A linha permaneceu em silêncio, até que o homem percebesse que não havia mais ninguém lá.

No centro da biblioteca havia uma mesa escura, com apenas uma máquina de escrever sobre o tampo. As gavetas, no entanto, esta­vam bastante desorganizadas, repletas de papéis, canetas e outras coisas que o velho escritor usava para trabalhar. Ali, encontrou um estilete. Pe­gou o objeto, e foi até o grande espelho do banheiro. Ao acionar o botão com o polegar direito, trouxe para fora uma parte da lâmina. Em segui­da, levou a manga esquerda da camisa além do pulso, enquanto admira­va em transe o brilho do metal refletido sobre sua pele. Olhando bem dentro de seus próprios olhos, sereno, se perguntou pela última vez se era possível ter certeza se não iria desistir quando já não pudesse mais fazê-lo.

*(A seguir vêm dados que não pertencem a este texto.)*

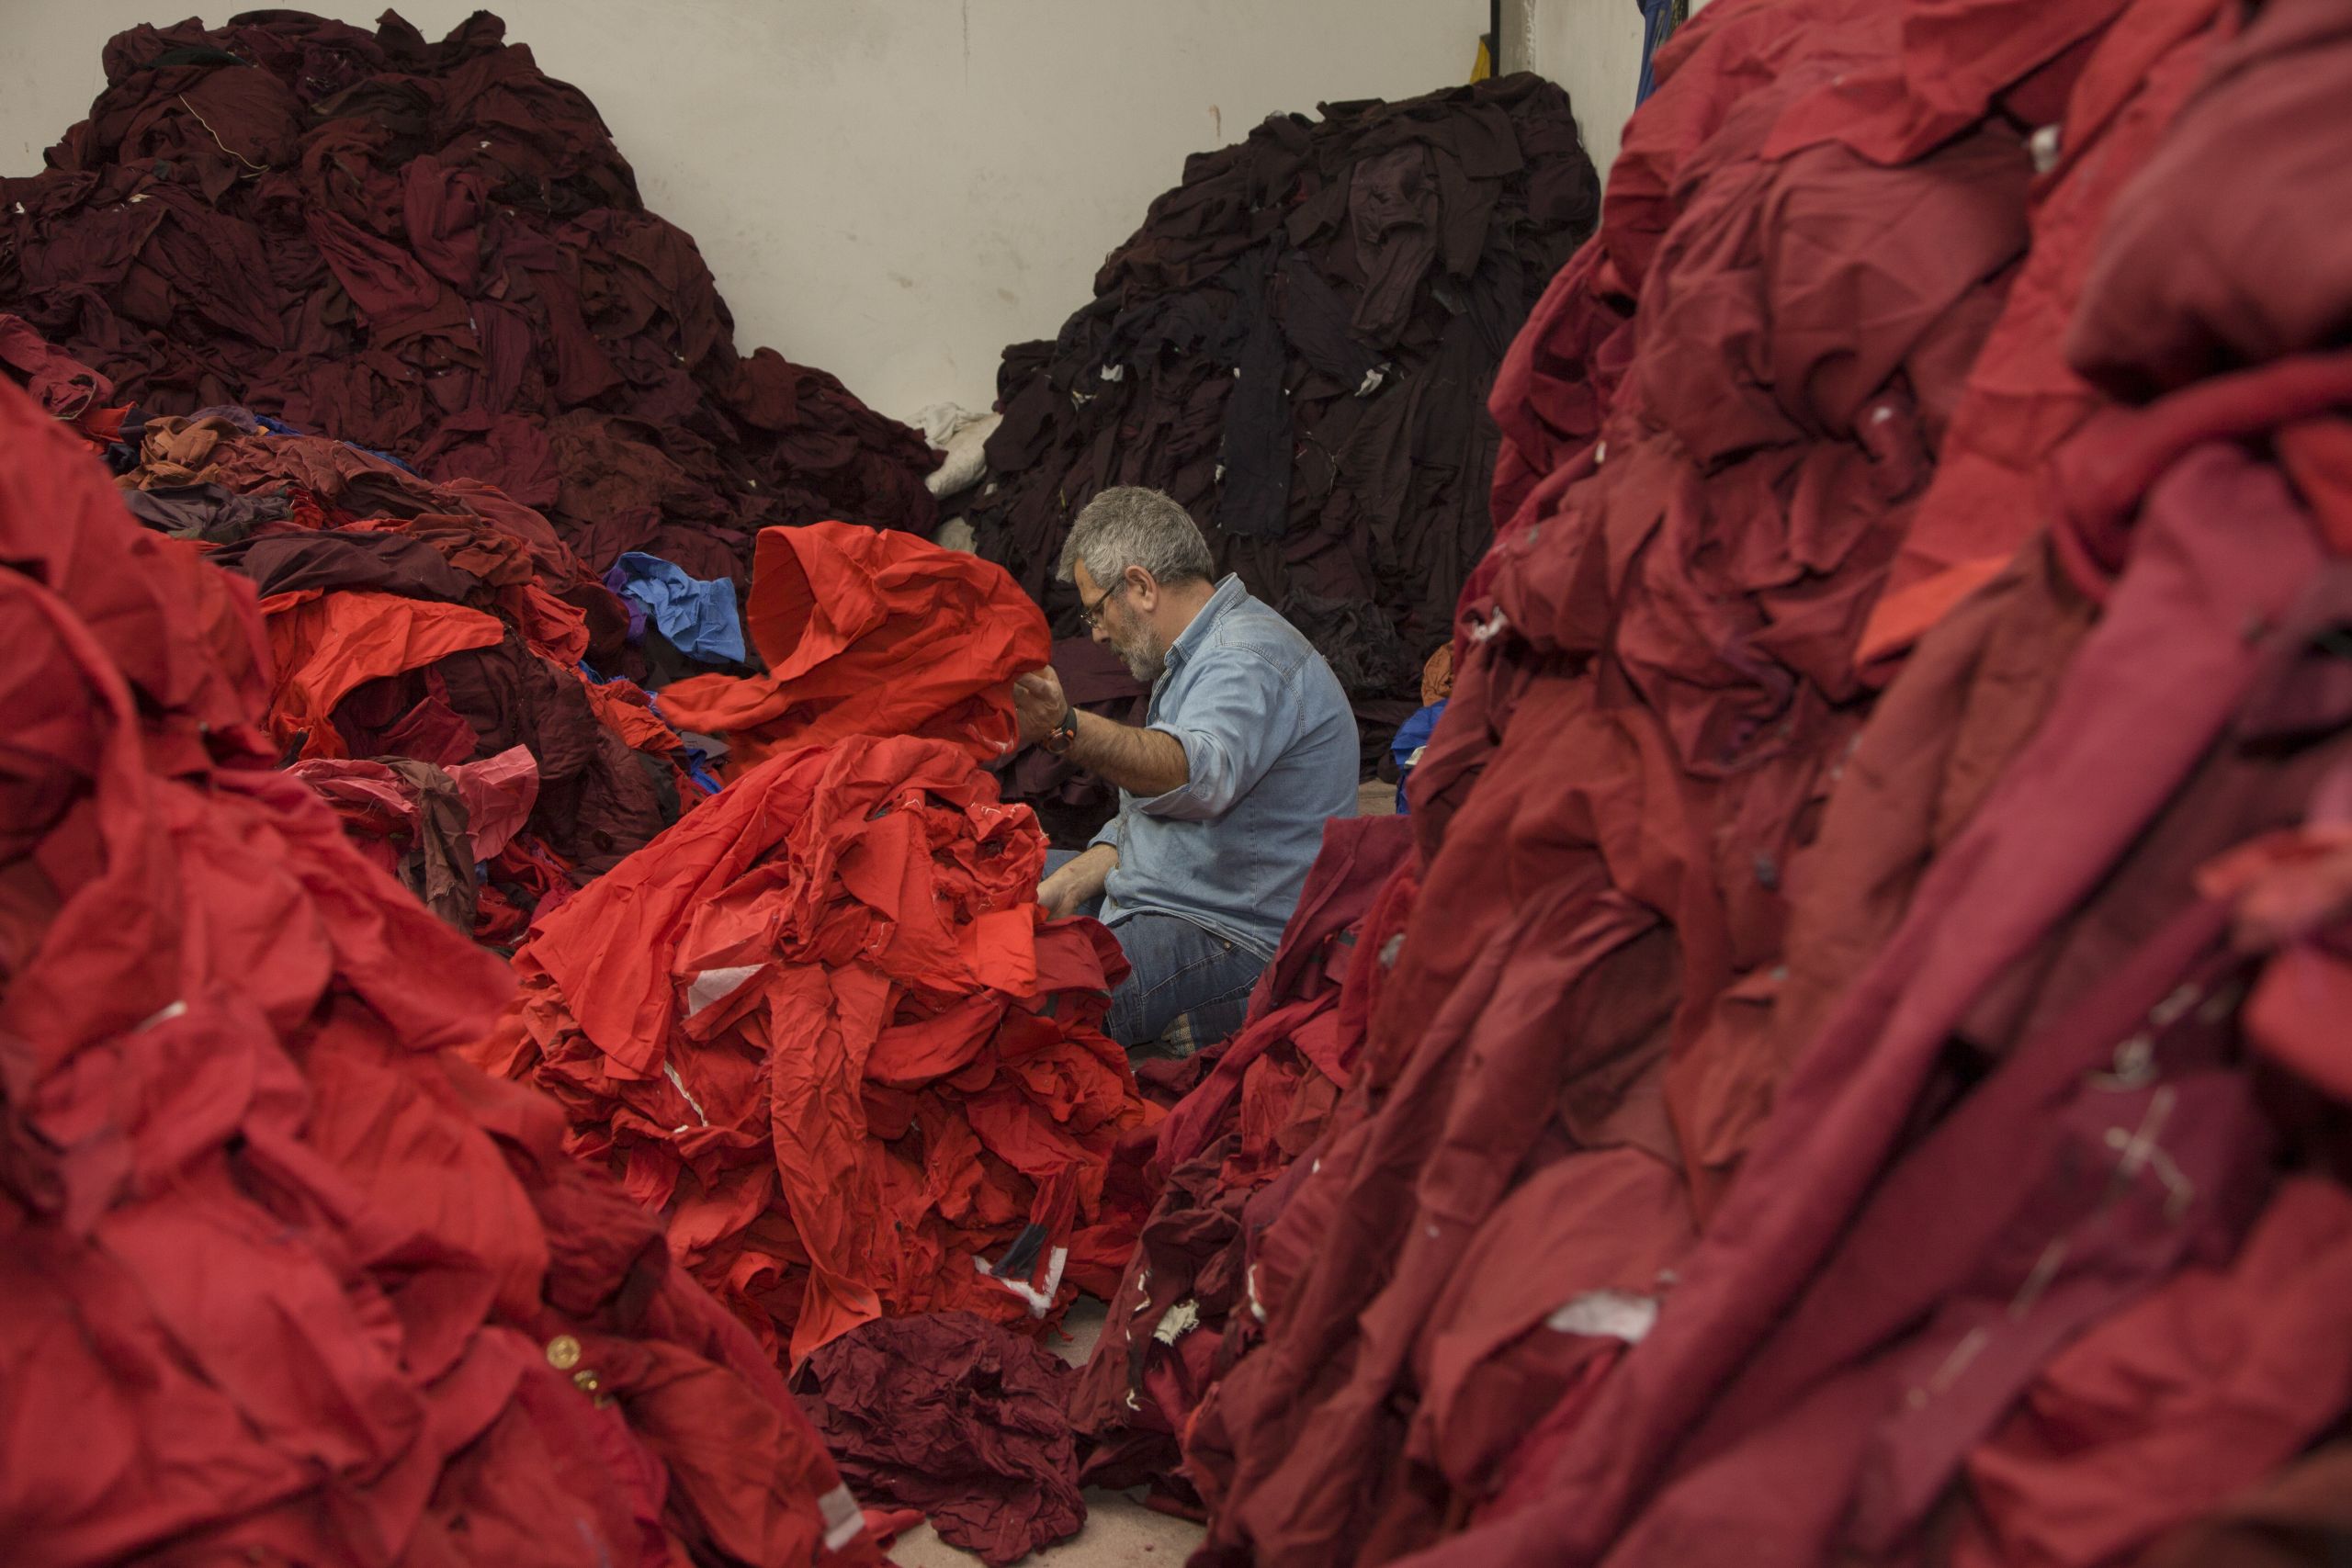 How to Sell, Donate or Recycle Your Old Clothes, and Keep Them Out of  Landfills - RecycleMore

TIC-TAC, TIC-TAC. O tempo continuava sua marcha, e nada, nem ninguém, até agora havia tentado detê-lo. Tomou alguns comprimi­dos de tranquilizante com um punhado de água da torneira, na esperan­ça de tornar tudo um pouco mais fácil. Esperou mais alguns minutos até que a medicação começasse a surtir efeito.

Com as mãos trêmulas e, de per se, relutantes, ele o fez. O cãozi­nho deitou ao seu lado no chão da biblioteca, e, antes que percebesse, já estava sendo acariciado pela desmotivada mão daquele homem, que também sem notar o fazia. O pêndulo insistia em balançar cada vez mais lentamente, enquanto seus olhos ficavam mais e mais pesados, e sutil­mente... fechavam-se...

Ao calar da noite, ele foi, quase sem perceber... morrendo.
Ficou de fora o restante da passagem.